Sales of its vehicle products went down by 3.7 percent to 9.77 billion euros (10.66 billion U.S. dollars) in the first six months this year, according to the company's first half-year 2024 results released on Wednesday. Since the end of June last year, over 3,400 jobs have been axed at the company.

Continental blamed the decline in vehicle production in Europe for the sales drop. Production of passenger cars and light commercial vehicles plunged by 4 percent in Europe in the first half of the year.

On Monday, the company disclosed that it was preparing for a spin-off of its automotive business.

"A spin-off of automotive has the potential to create competitive opportunities, enhance agility and increase transparency. As a strong, independent entity, automotive would be able to harness its full potential for creating value," said Wolfgang Reitzle, chairman of the supervisory board of Continental.
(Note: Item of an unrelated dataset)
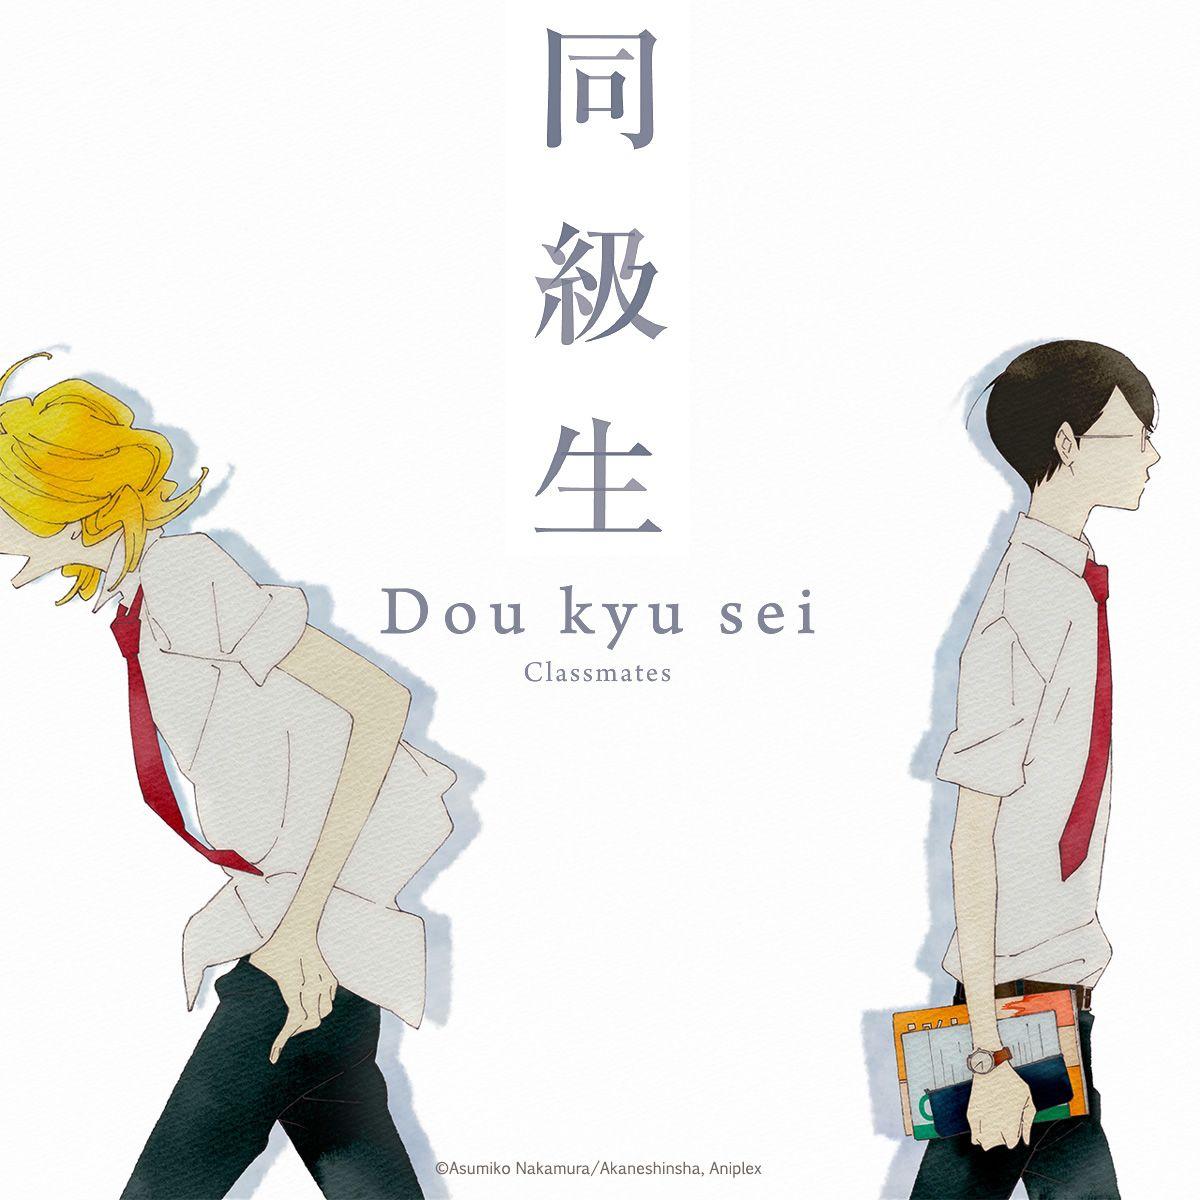 Ver Doukyuusei Pelicula Completa Sub Espanol Online Gratis En Espanol Doukyuusei Anime Films Anime Movies

Justifying the company's decision, Continental CEO Nikolai Setzer said there had been large market evolutions in the automotive sector in recent months. He said that, in the future, the markets will "sharply" fluctuate due to regional market developments and "software driven technology," which he believes will require "greater flexibility and entrepreneurial freedom."

Continental is not alone among auto suppliers in Germany that were caught off guard.

After the German federal government abruptly withdrew incentives for electric vehicles (EVs) in mid-December 2023, EV sales in Germany have dwindled. Registrations of new EVs slumped by 36.8 percent in July compared to the year prior, according to statistics from the Federal Motor Transport Authority.

Similarly, the share of newly registered battery electric passenger cars in Germany decreased to 12.5 percent in the first six months of 2024 from 15.8 percent in the same period last year.

Automakers including Volkswagen and Mercedes-Benz have either scaled back their investment plans for EVs or walked back on ambitious targets as the EV market in the country continues to cool.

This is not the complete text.